World Wetlands Day is celebrated each year on 2 February to raise awareness about wetlands. Wetlands Action for People and Nature is the theme in 2022 highlighting the importance of actions to ensure the conservation and sustainable use of wetlands for humans and planetary health. This theme gives the team at Cain Bio-Engineering a chance to showcase our projects and promote the environmental ethics we have practiced over the past 25 years.
Wetlands are vital ecosystems with intricate interconnections that are extremely important for aquatic and terrestrial species. Of course, water is the vital component of wetland habitat and can be defined as fresh water, brackish water, or salt water. Wetlands include habitats such as bogs, ditches, estuaries, fens, floodplains, lagoons, lakes, marshes, mires, mudflats, peatland, ponds, rivers, saltmarshes, streams, and swamps.
At Cain Bio-Engineering we work on all types of wetland habitat – from ponds to estuaries – to create, control, enhance, and restore these ecologically abundant and diverse habitats for fish, insects, plants, amphibians, invertebrates, reptiles, birds, and mammals (including people). By restoring wetlands we help to restore biodiversity – it’s what our business is engineered to do!
Please take a look at just some of our projects, listed below, which showcase our work. If you need any further information, do not hesitate to ask. Contact: firstname.lastname@example.org.

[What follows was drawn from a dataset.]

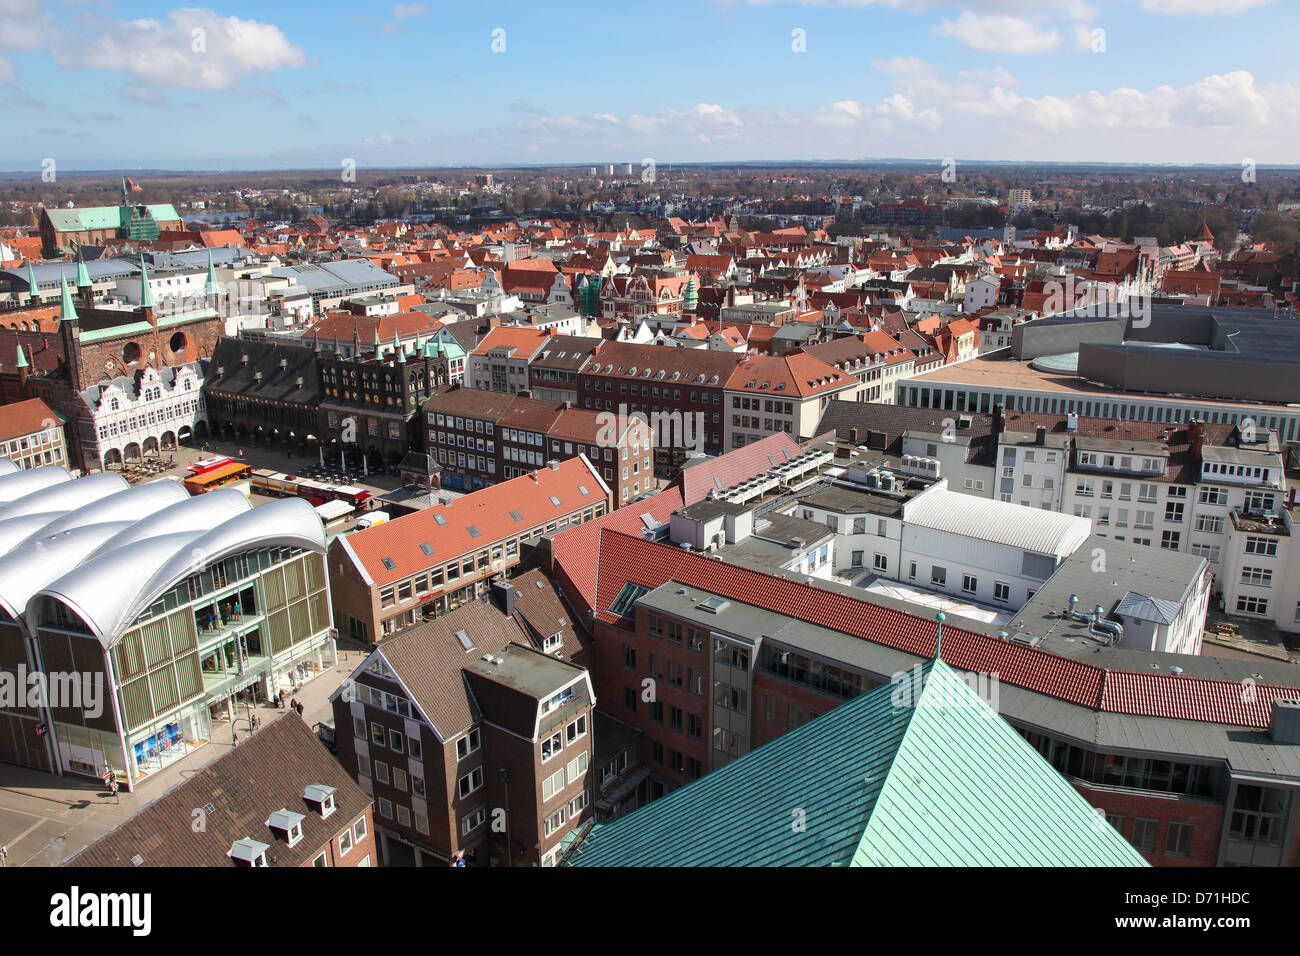 Vista aerea sul centro storico di Lubecca, Schleswig-Holstein, Germania il 8 aprile 2013. Foto Stock

- River Kennet – increase floodplain connectivity, fish passage, and enhance riparian habitats: the enhancement of the main River Kennet channel at Eddington Mill enabled increased flow diversity, habitat diversity, floodplain connectivity, enhanced riparian habitats and backwater habitats, and the creation of a bypass channel for fish passage. Additionally, the project included excavation of a new pond and marginal area.
- Langford Lakes Nature Reserve – Wetland Enhancement Project: The aim of The Wetland Enhancement Project was to create additional wetland habitat to benefit wading birds of conservation concern and to enrich the wildlife interest for the numerous visitors to Langford Lakes.

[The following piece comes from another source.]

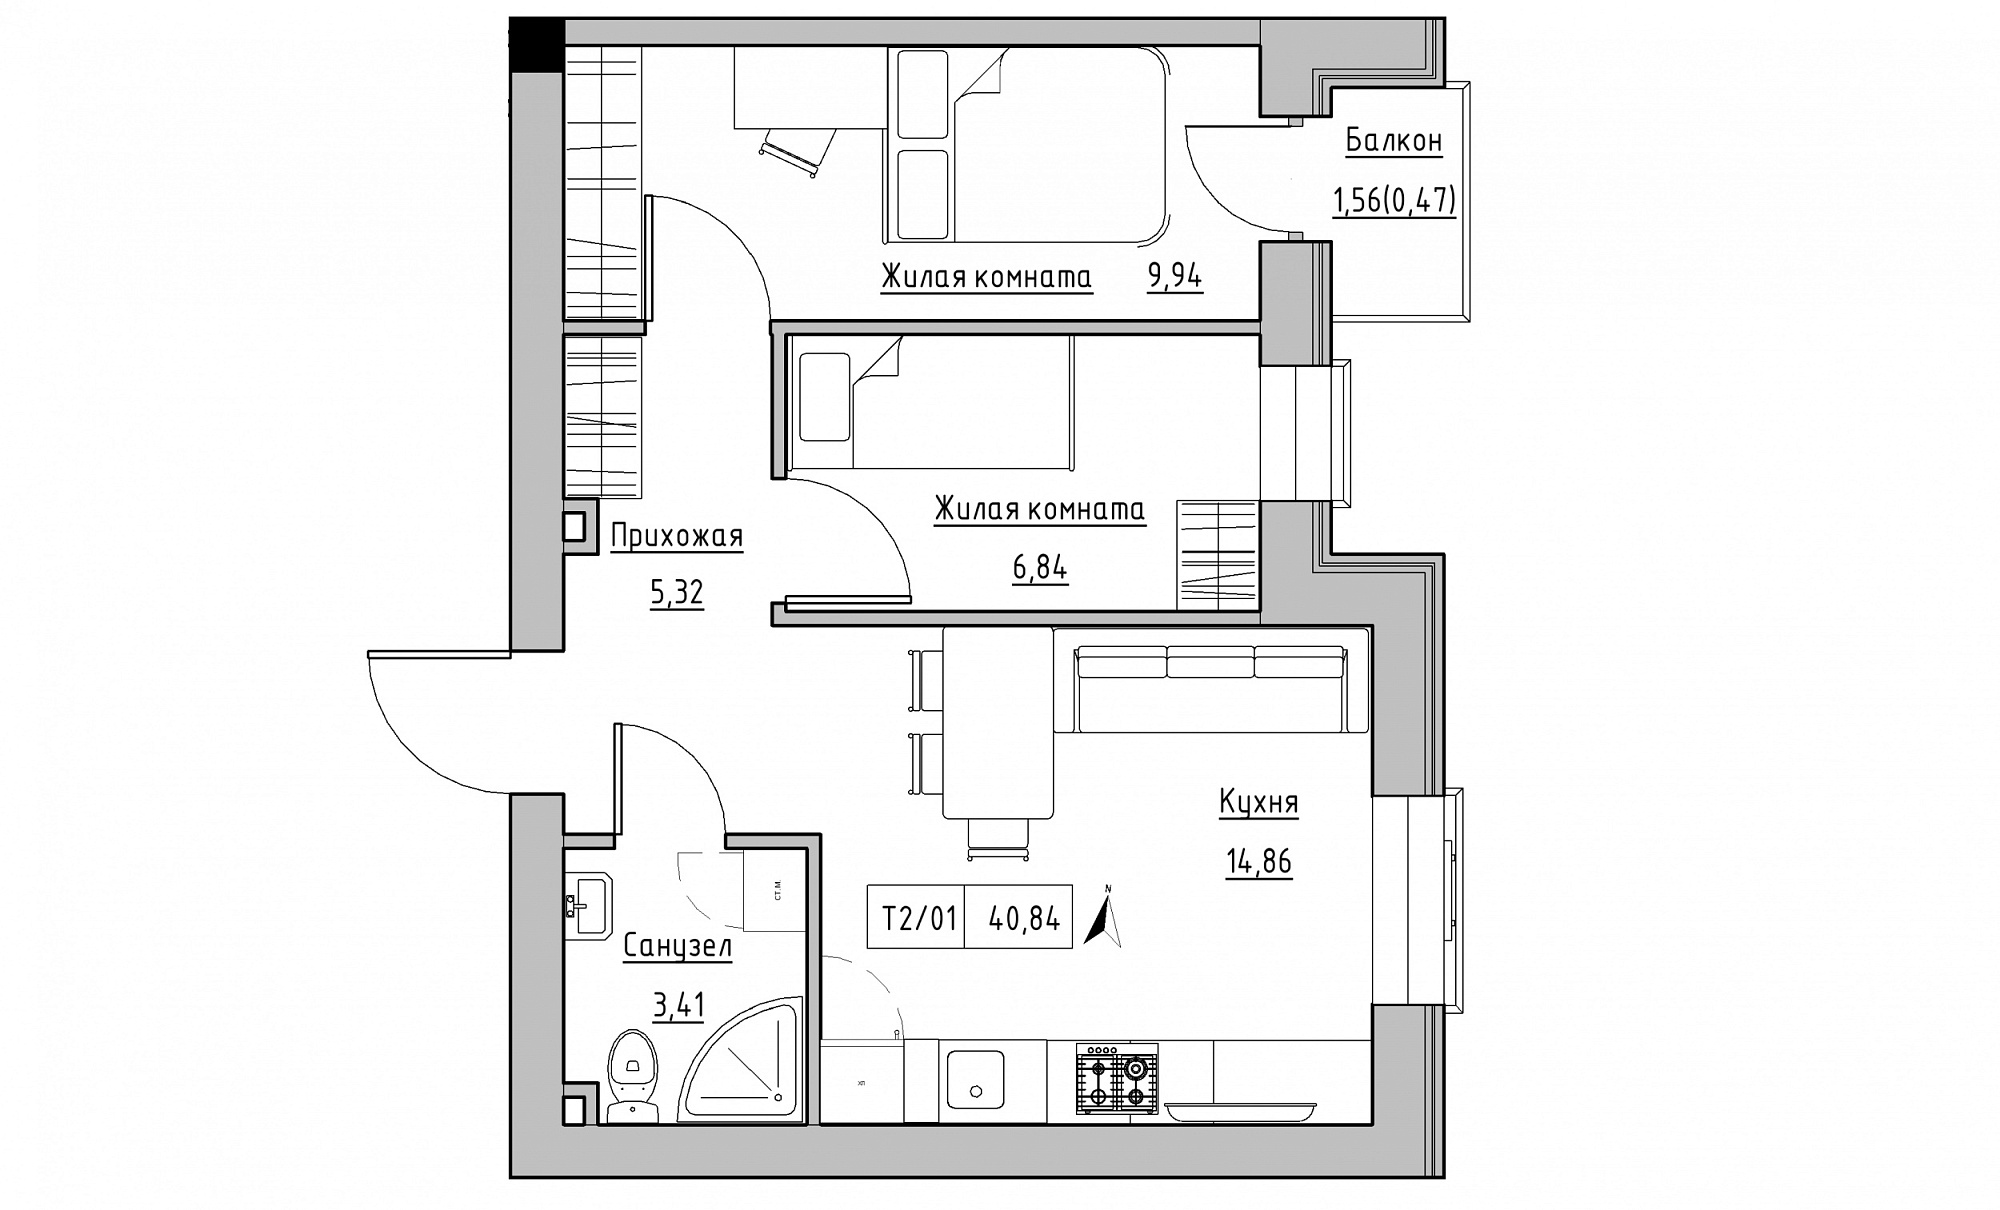 Планування 2-к квартира площею 40.84м2, KS-015-02/0006.

- Lambourn Aylott Hatches – Fish Pass: This project improved fish passage on the River Lambourn and provided habitat benefits including the creation of an area of wet woodland, an online backwater and an offline pond.
- River Lambourn – habitat enhancement: This project reflected the riparian owner’s interest in improving the River Lambourn at East Shefford Mill leat, and provided a significant opportunity for improved fish passage, habitat restoration and aesthetic enhancements of the watercourses.
- River Axe – woody debris stabilisation: This project on the upper sections of the River Axe was designed to address catchment wide erosion and sedimentation issues that had serious implications for the SAC and SSSI designated reaches downstream. The large scale woody debris techniques used here have not only reduced erosion and sediment loading, but also improved flow diversity, habitat diversity, fish cover, and floodplain connectivity.
Please email email@example.com if you would like more information about our services, or to find out how we can help you.
NB: (On 30 August 2021 the UN General Assembly adopted Resolution 75/317 that established 2 February as World Wetlands Day.)